This last week has not been the best. The weather has been fine, cold but sunny. The problem is me. It started on Friday night when a large filling in a back tooth decided to visit the big wide world, leaving a big, wide chasm behind.
Now I’m old enough to remember when we had an NHS dentist who would get you in quickly, sort the problem and you only paid a nominal charge. He decided he couldn’t continue under the NHS so put up a sign saying “No Riff-Raff” and expelled us to the tender care of the free market.
So Monday morning I started phoning around for a dentist. As a private patient, I’d probably be served a range of drinks in the waiting room whilst the live cabaret entertained us. Well I was, surprisingly, wrong. One dentist seemed to have a policy of just letting the phone ring for half an hour and after the fourth attempt, I gave up.
Eventually I found a surgery that not only answered the phone but quickly had me booked in for Wednesday afternoon. Even better, they handle emergency appointments on the NHS, although they can’t take more NHS patients on their list. No entertainment though.
Now, sadly, they couldn’t just pop another filling in the hole. The tooth had to come out. Despite my begging, pleading and offering my firstborn in sacrifice, they insisted. The actual extraction wasn’t terrible, but once the injections wore off, boy did it hurt.
Luckily, I’ve some strong painkillers in. Now 30 years ago, this would not have been a big deal, but time moves on. For the last three days, I’ve been fit for nothing.
Right, back to the growing stuff this diary is supposed to be about.
The first sowings have had mixed results. The cucumbers, including some old Marketmore seeds, have had 100% success. The Marketmore was a happy surprise, with older seeds a lower germination rate is to be expected.

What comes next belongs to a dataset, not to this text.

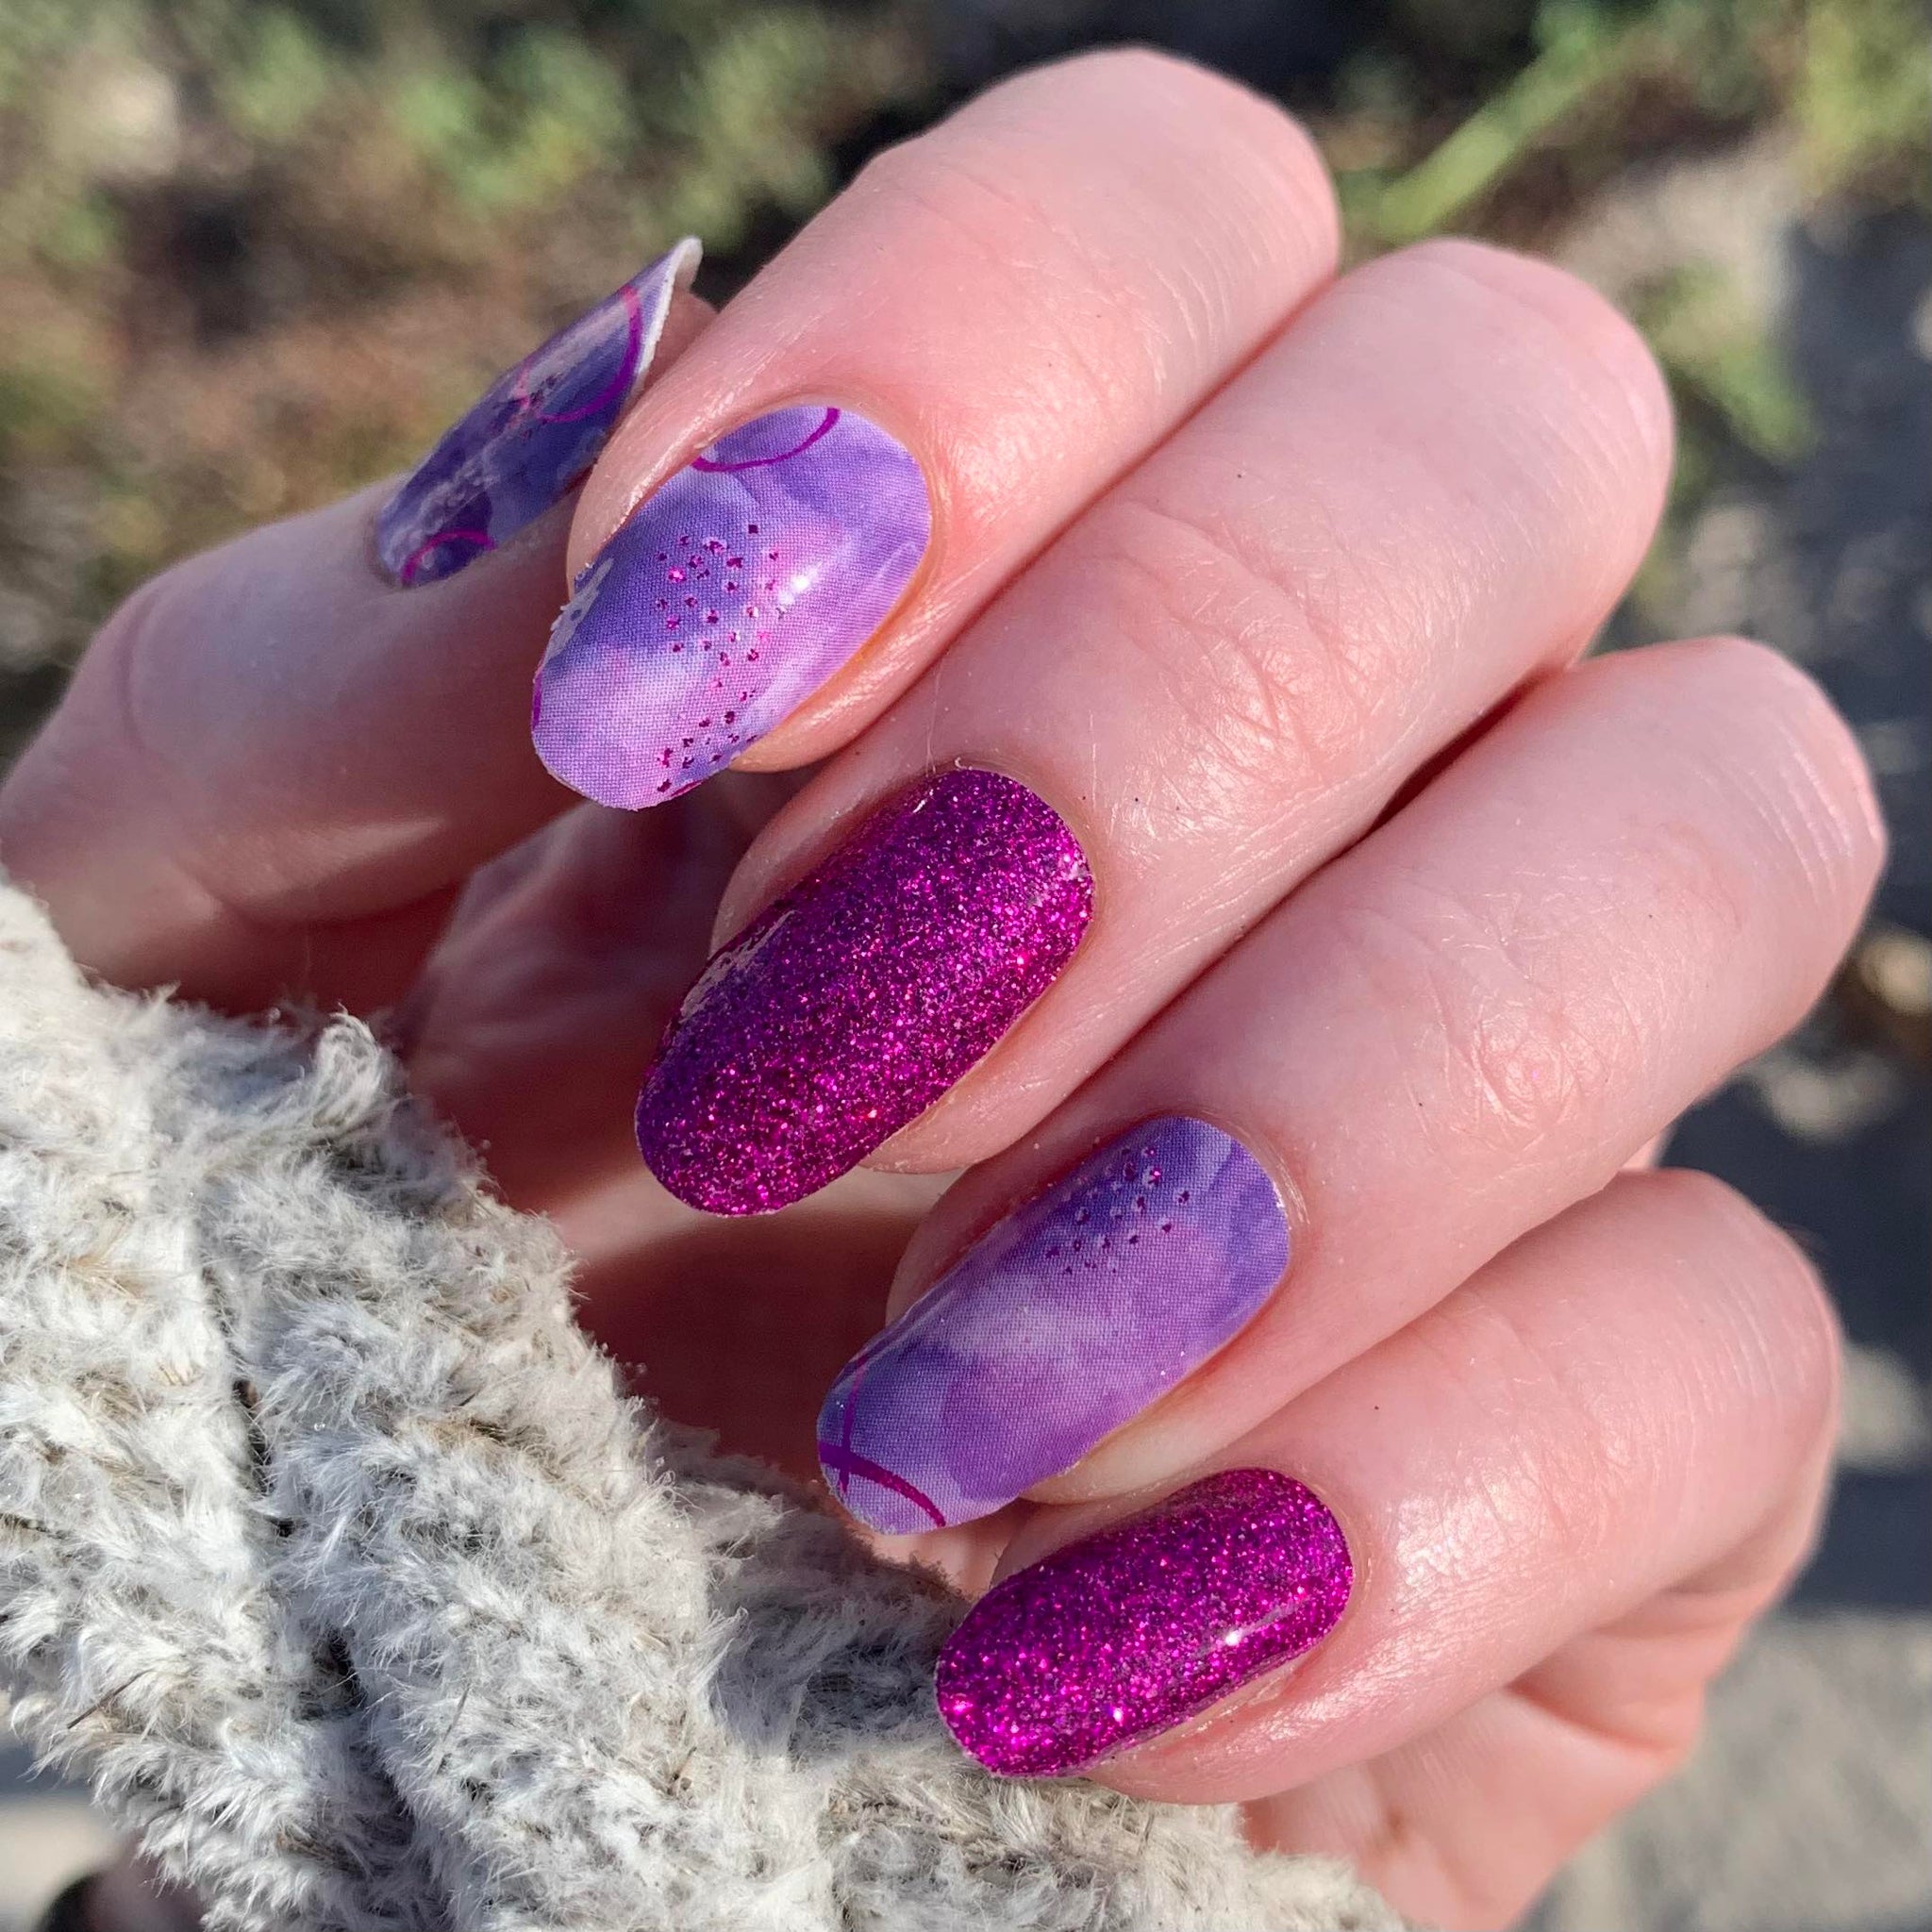 O.P. nails in maroon raspberry #nails #beautiful #fall | Wine nails, Berry  nails, Nails

The Doric sprouts, a gift from Marshalls, had 90% success. They’d taken me by surprise, germinating very quickly and becoming leggy. That’s not a disaster, I’ve deeply planted those on in 9cm pots – burying the seedlings halfway up the stem. The cabbage tribe are generally happy with that.
The Greyhound have been a washout and the Caraflex and Earliest of All very poor. Of the lettuce, only the Black Seeded Simpson have produced. Maybe I’ve a seed problem. The leeks, Bulgarian Giant, are spotty too, maybe around 50% are up.
New Raised Beds
When I first set up raised beds in the field, it was because the soil depth and quality was so poor, and I wanted to get growing quickly. I always had it in mind taking them out at some point when the soil was improved. The paths between have been covered and recovered with wood chippings which have rotted down, improving the soil beneath.
The old beds have been there for about 14 years and the wooden sides are rotting. I’d hoped to reuse some at least, but I’ve only a few that are worth reusing. Still, the old ones will not be wasted. They’ll keep us warm next winter when I burn them.
Once the old beds are cleared away, the ground can be rotavated, levelled and allowed to grass over. However, if we need to use the area for growing in the future, because the land is now much improved it will be easily done.
I’m setting up new raised beds in the walled vegetable plot. I was never a big fan of raised beds, but as I get mature I find them more appealing. Less distance to bend being a big factor.
Scaffold Boards
I picked up a deal on 20 second-hand scaffold boards which are ideal for raised beds. They’re thick and strong, so they should last me out. Plus they’re second-hand, so I’m reusing a waste product, which gets me green brownie points.
These boards are 13 feet long which is near ideal I’ve always recommended making raised beds 10 feet long by 4 feet wide. 13 feet boards means I can cut them at 9½ feet giving a long edge and a short of 3½ feet. So two boards per bed give me 10 beds. More on the raised beds when we start building.
Scaffold boards are definitely the way to go for raised beds . I started out using sarking boards many years ago , then moved on to decking boards . Settled on scaffold boards (new , unbanded) from Ebay some time ago and now wouldn`t use anything else .Should “last me out” and will work out much cheaper in the long run.
i would not use schaffolding boards for raised beds as they are cheap softwood and not tanalised. i did and even soaked in creasote they had all rotted away in 3 years. the 2×12 treated gravel boards have lasted 8 years and still ok.